* **YOUR TASK**
Restate all of the data below word for word.

* **DATA PROVIDED**
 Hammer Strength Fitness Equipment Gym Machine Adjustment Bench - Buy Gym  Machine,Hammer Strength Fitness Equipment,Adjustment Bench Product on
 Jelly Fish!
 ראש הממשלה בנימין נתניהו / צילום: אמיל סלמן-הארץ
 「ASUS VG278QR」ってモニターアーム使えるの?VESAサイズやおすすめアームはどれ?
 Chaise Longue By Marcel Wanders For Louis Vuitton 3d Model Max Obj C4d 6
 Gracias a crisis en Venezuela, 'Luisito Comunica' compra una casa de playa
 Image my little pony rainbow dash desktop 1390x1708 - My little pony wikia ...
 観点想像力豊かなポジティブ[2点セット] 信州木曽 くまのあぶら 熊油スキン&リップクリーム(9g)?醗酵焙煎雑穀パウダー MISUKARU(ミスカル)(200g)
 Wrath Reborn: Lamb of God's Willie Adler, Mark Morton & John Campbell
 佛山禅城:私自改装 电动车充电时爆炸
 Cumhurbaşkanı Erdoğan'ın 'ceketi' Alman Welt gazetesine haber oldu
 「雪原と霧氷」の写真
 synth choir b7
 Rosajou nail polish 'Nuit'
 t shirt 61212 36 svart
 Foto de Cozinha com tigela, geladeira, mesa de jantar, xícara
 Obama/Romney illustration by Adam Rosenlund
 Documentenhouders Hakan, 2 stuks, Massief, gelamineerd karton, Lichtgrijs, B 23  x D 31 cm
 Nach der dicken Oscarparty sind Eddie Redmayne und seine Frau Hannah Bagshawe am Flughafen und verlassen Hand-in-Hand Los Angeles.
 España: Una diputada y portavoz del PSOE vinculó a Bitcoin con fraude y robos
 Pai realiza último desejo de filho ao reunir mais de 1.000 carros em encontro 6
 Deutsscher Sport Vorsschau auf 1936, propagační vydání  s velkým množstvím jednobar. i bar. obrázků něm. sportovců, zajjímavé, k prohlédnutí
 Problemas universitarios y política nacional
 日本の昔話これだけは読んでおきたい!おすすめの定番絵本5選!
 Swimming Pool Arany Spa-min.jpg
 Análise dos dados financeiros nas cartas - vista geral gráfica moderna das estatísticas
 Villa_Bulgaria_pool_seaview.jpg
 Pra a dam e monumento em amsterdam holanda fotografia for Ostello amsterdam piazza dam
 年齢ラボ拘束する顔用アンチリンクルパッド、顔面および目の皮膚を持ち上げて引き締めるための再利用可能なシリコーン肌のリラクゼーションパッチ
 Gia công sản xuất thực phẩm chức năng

* **ANSWER TO THE PROBLEM**
 Hammer Strength Fitness Equipment Gym Machine Adjustment Bench - Buy Gym  Machine,Hammer Strength Fitness Equipment,Adjustment Bench Product on
 Jelly Fish!
 ראש הממשלה בנימין נתניהו / צילום: אמיל סלמן-הארץ
 「ASUS VG278QR」ってモニターアーム使えるの?VESAサイズやおすすめアームはどれ?
 Chaise Longue By Marcel Wanders For Louis Vuitton 3d Model Max Obj C4d 6
 Gracias a crisis en Venezuela, 'Luisito Comunica' compra una casa de playa
 Image my little pony rainbow dash desktop 1390x1708 - My little pony wikia ...
 観点想像力豊かなポジティブ[2点セット] 信州木曽 くまのあぶら 熊油スキン&リップクリーム(9g)?醗酵焙煎雑穀パウダー MISUKARU(ミスカル)(200g)
 Wrath Reborn: Lamb of God's Willie Adler, Mark Morton & John Campbell
 佛山禅城:私自改装 电动车充电时爆炸
 Cumhurbaşkanı Erdoğan'ın 'ceketi' Alman Welt gazetesine haber oldu
 「雪原と霧氷」の写真
 synth choir b7
 Rosajou nail polish 'Nuit'
 t shirt 61212 36 svart
 Foto de Cozinha com tigela, geladeira, mesa de jantar, xícara
 Obama/Romney illustration by Adam Rosenlund
 Documentenhouders Hakan, 2 stuks, Massief, gelamineerd karton, Lichtgrijs, B 23  x D 31 cm
 Nach der dicken Oscarparty sind Eddie Redmayne und seine Frau Hannah Bagshawe am Flughafen und verlassen Hand-in-Hand Los Angeles.
 España: Una diputada y portavoz del PSOE vinculó a Bitcoin con fraude y robos
 Pai realiza último desejo de filho ao reunir mais de 1.000 carros em encontro 6
 Deutsscher Sport Vorsschau auf 1936, propagační vydání  s velkým množstvím jednobar. i bar. obrázků něm. sportovců, zajjímavé, k prohlédnutí
 Problemas universitarios y política nacional
 日本の昔話これだけは読んでおきたい!おすすめの定番絵本5選!
 Swimming Pool Arany Spa-min.jpg
 Análise dos dados financeiros nas cartas - vista geral gráfica moderna das estatísticas
 Villa_Bulgaria_pool_seaview.jpg
 Pra a dam e monumento em amsterdam holanda fotografia for Ostello amsterdam piazza dam
 年齢ラボ拘束する顔用アンチリンクルパッド、顔面および目の皮膚を持ち上げて引き締めるための再利用可能なシリコーン肌のリラクゼーションパッチ
 Gia công sản xuất thực phẩm chức năng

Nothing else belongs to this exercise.